*What you need to do*
First find the line with "Fabindia Yellow &", then reproduce it and all following lines of the data to the end, exactly and with no pictures, adding nothing.

*Data extract*
Segment Open

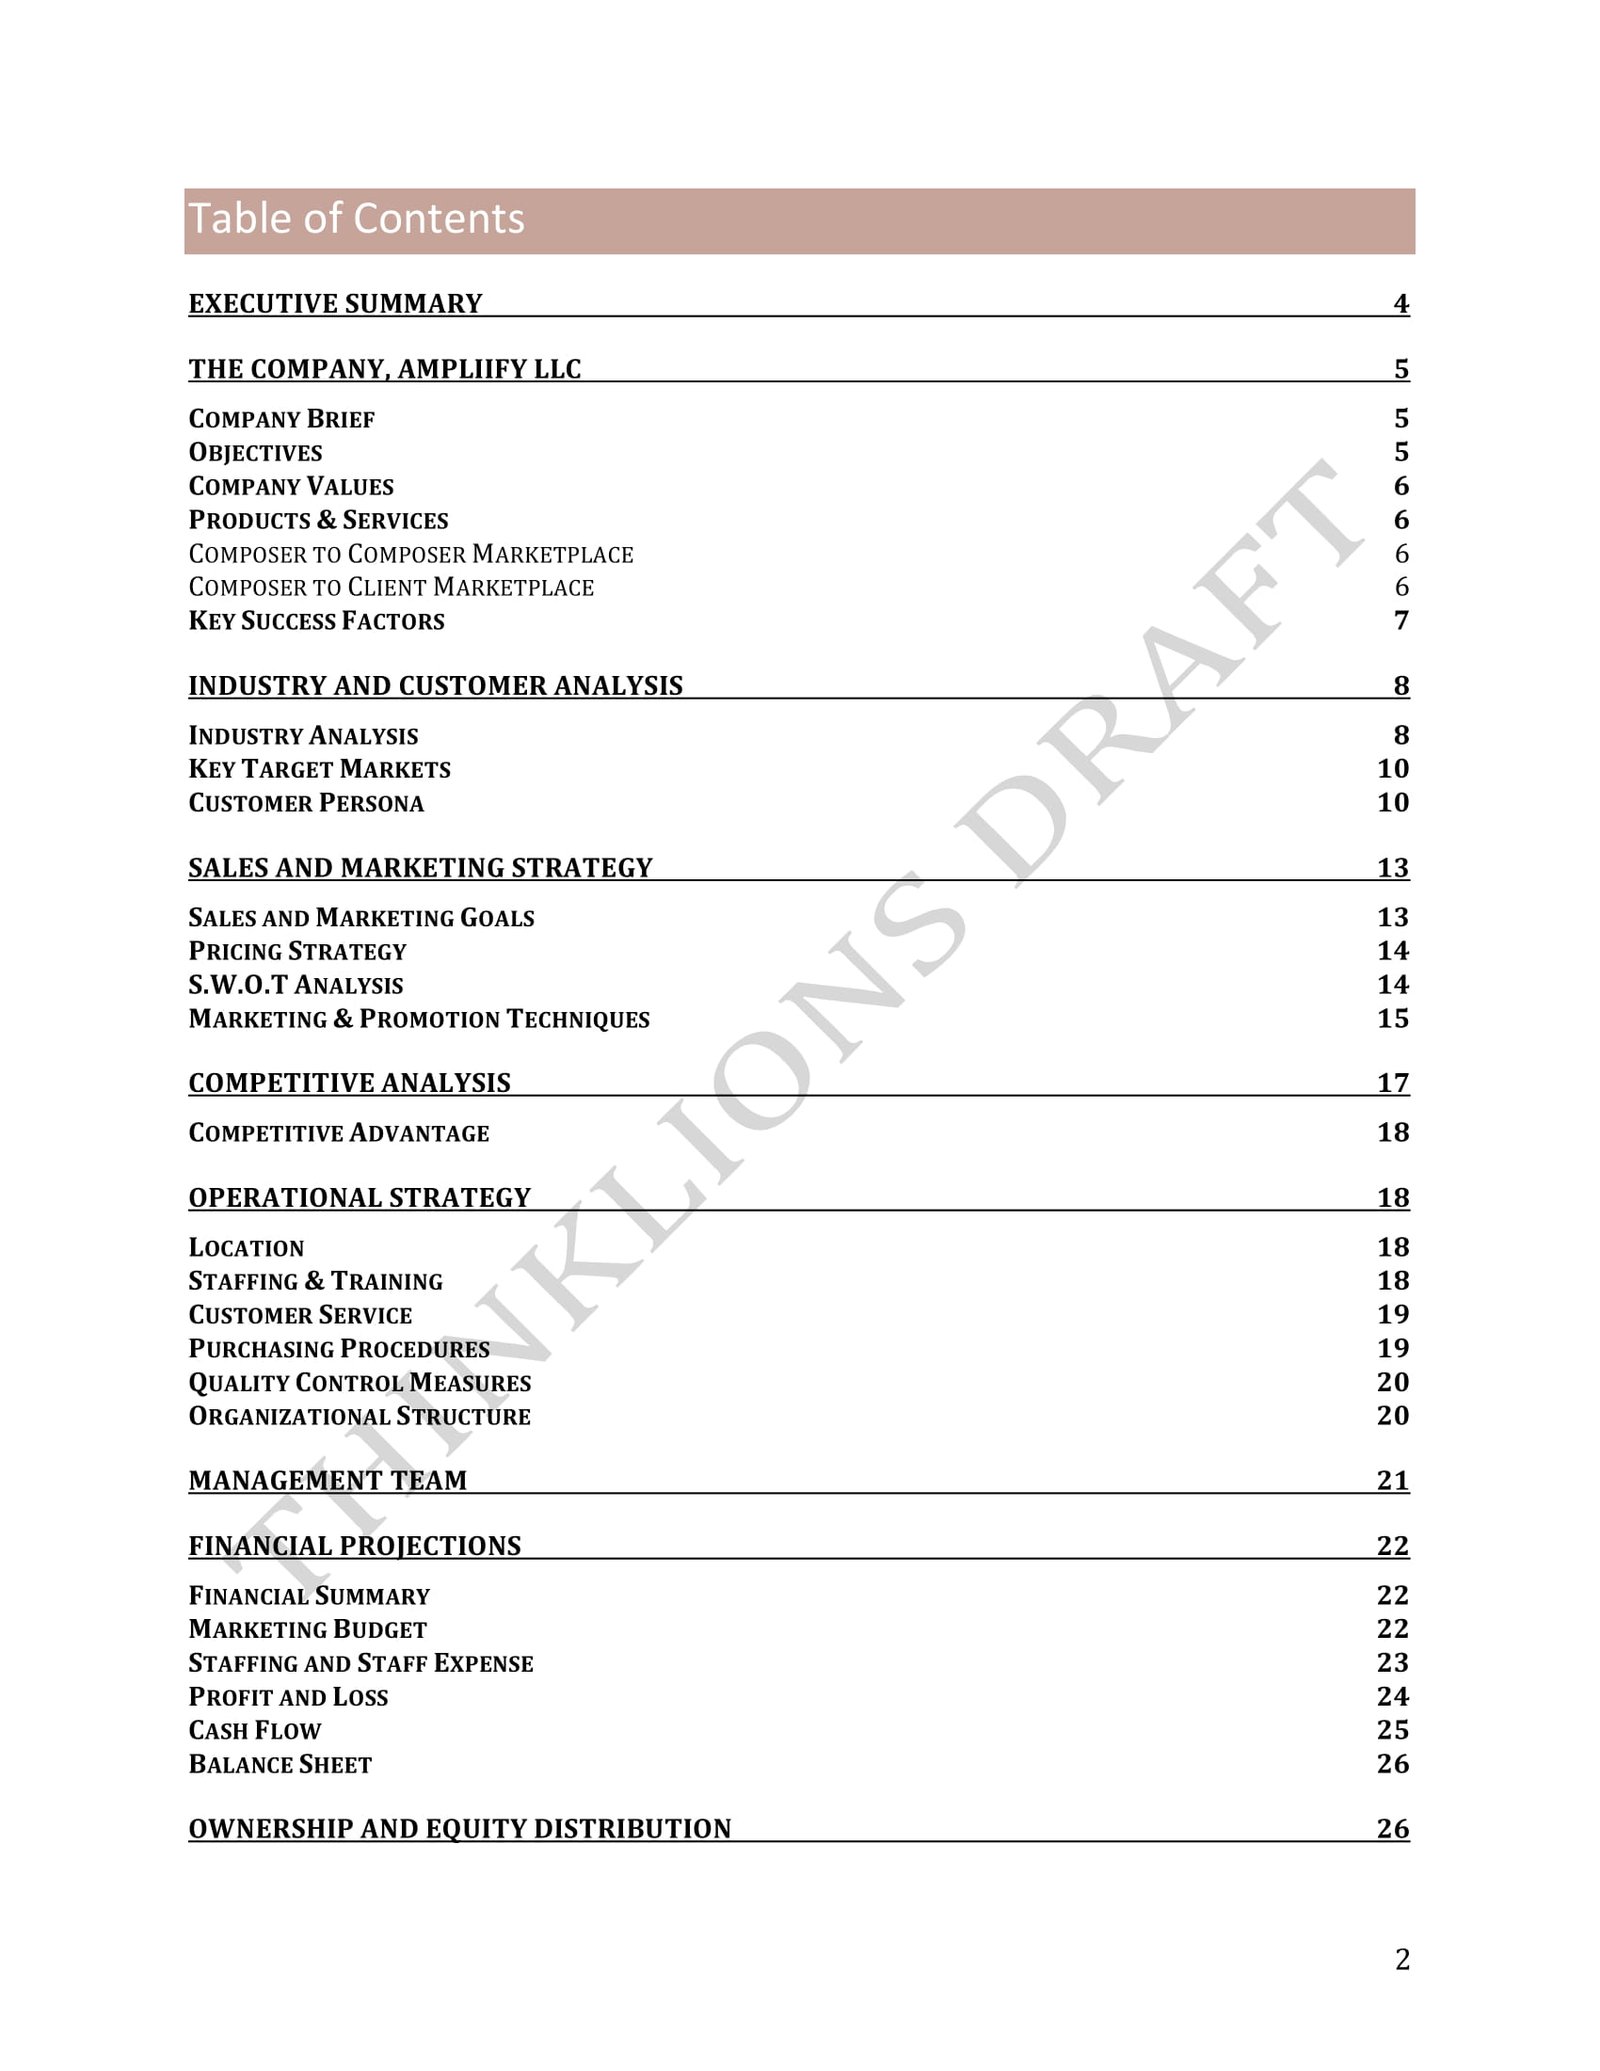 sample business plan - page 2
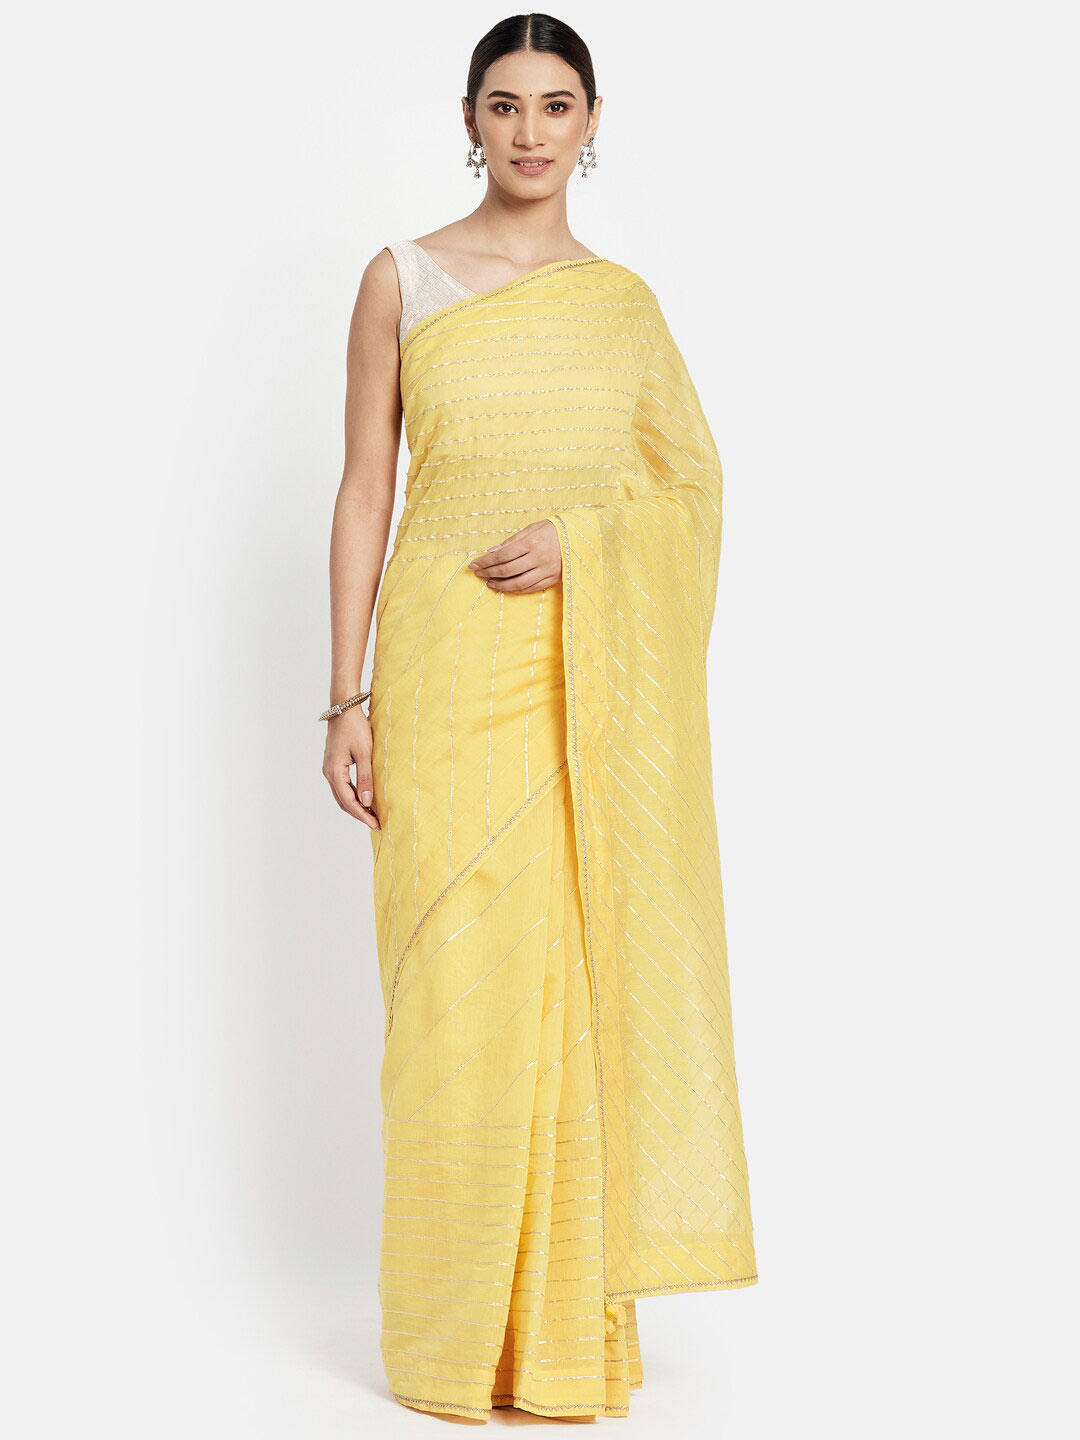 Fabindia Yellow & Gold-Toned Woven Design Embroidered Ready to Wear Saree Price in India
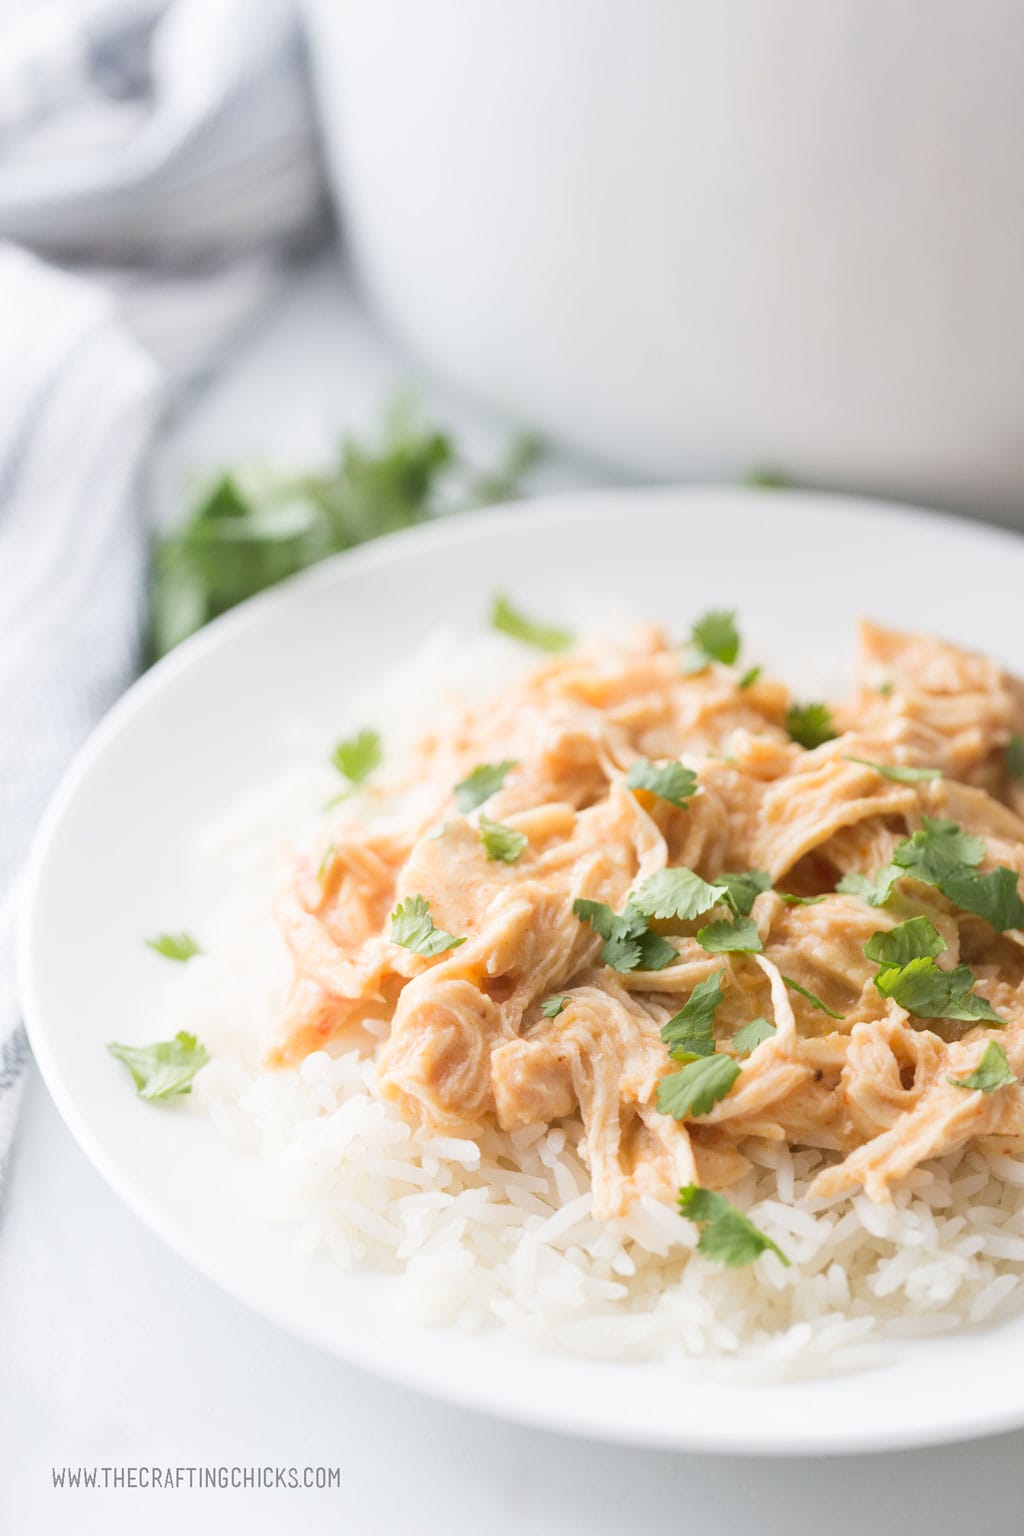 Crockpot Fiesta ranch Chicken served over rice with some cilantro sprinkled on top.

Segment Closed

*Response box*
 Fabindia Yellow & Gold-Toned Woven Design Embroidered Ready to Wear Saree Price in India
 Crockpot Fiesta ranch Chicken served over rice with some cilantro sprinkled on top.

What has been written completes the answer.